SERGAI – Media Indonesia – Penanganan masalah Tempat Pembuangan Akhir (TPA) sampah di Afdeling 1 Kebun Adolina, Desa Cilawan, Kecamatan Pantai Cermin, Kabupaten Serdang Bedagai (Sergai), kini memicu polemik baru. Bukan hanya soal sampah yang meluber hingga ke areal tanaman sawit, namun juga sikap Kepala Bidang (Kabid) PKP Dinas Lingkungan Hidup (LH) Sergai, Boy R. Sihombing, yang dinilai tidak konsisten dan terkesan menghindari wartawan.
Kejadian bermula saat Boy R. Sihombing memberikan pernyataan kepada Kevin (Askep A Kebun Adolina). Dalam pernyataannya, Boy meminta agar pihak kebun Adolina mengarahkan siapapun yang bertanya soal masalah sampah di lokasi tersebut untuk langsung menghubungi dirinya, Namun, saat awak media mencoba melakukan konfirmasi melalui pesan WhatsApp pada hari Rabu 15 April 2026, jawaban Boy justru bertolak belakang dengan instruksi sebelumnya.
Ia menyatakan bahwa dirinya bukanlah Kabid Persampahan. Selain itu, ia menegaskan bahwa konfirmasi tidak dilakukan melalui media (pesan singkat), melainkan harus datang langsung ke kantor.
“Mohon maaf pak, Saya bukan kabid persampahan dan kalau mau konfirmasi bukan lewat media tp kekantor. Trims.
Kami punya TPA bukan adolina dan cara sop persampahan ada di kabid persampahan.” Tulis Boy dalam WhatsApp nya, sebagai jawabannya dari konfirmasi awak Media.
Menanggapi permintaan tersebut, awak media kembali menghubungi Boy keesokan harinya Kamis 16 April, melalui via WhatsApp nya, untuk bertemu di kantor sebagaimana yang ia minta.
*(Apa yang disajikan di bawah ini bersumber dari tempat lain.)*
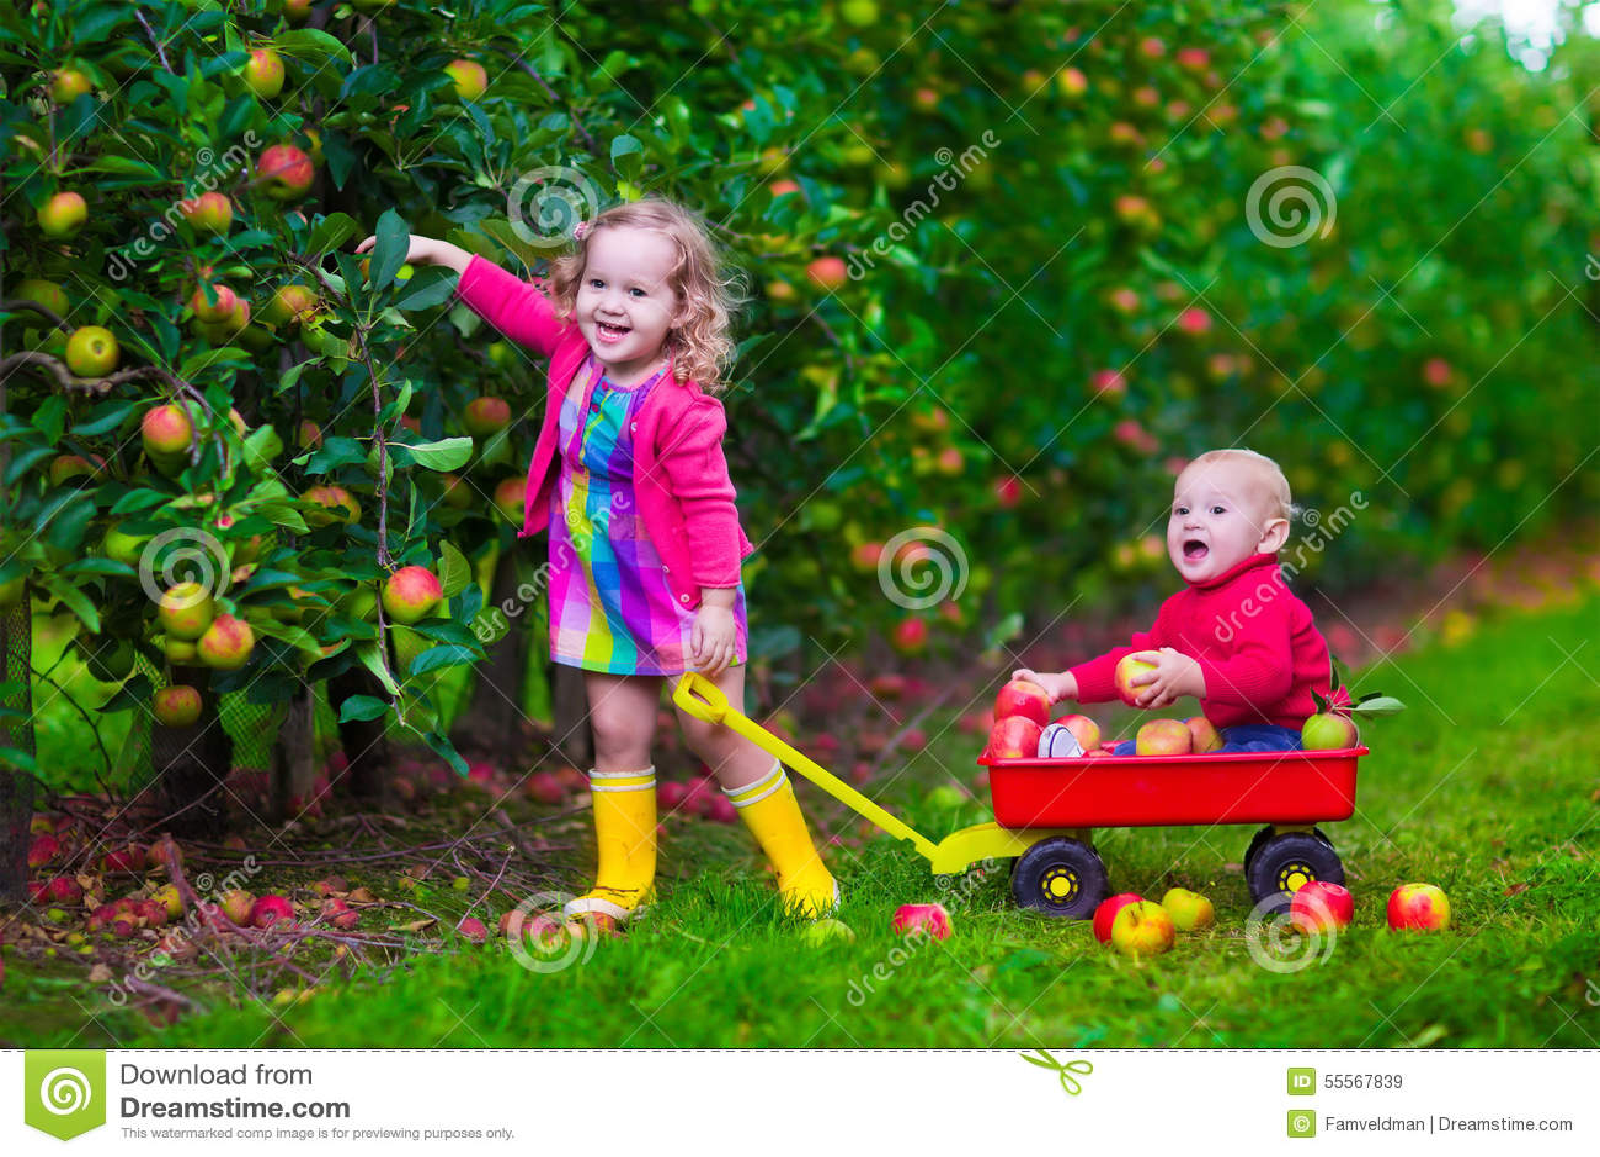 Kids picking apple on a farm

Namun nahas, pesan tersebut hanya dibaca (centang biru) tanpa ada balasan sedikit pun hingga berita ini diturunkan.
“Sikap ini tentu menimbulkan tanda tanya besar. Awalnya menyuruh hubungi dia, lalu saat dihubungi bilang bukan bidangnya dan menyuruh ke kantor. Tapi saat awak Media chat mau ke kantor sesuai permintaannya, malah bungkam.”
Ketidakkonsistenan pernyataan Boy R. Sihombing ini memicu dugaan adanya upaya untuk menghindari kejaran media terkait persoalan TPA di Kebun Adolina. Jika tidak ada masalah serius, seharusnya pejabat publik bisa lebih transparan dan konsisten dalam memberikan keterangan, sesuai dengan keterbukaan informasi publik.Hingga saat ini, kondisi sampah yang meluber ke area produktif tanaman sawit di Afdeling 1 Kebun Adolina masih memerlukan kejelasan penanganan dari pihak terkait agar tidak merusak lingkungan lebih lanjut. (Syahrial).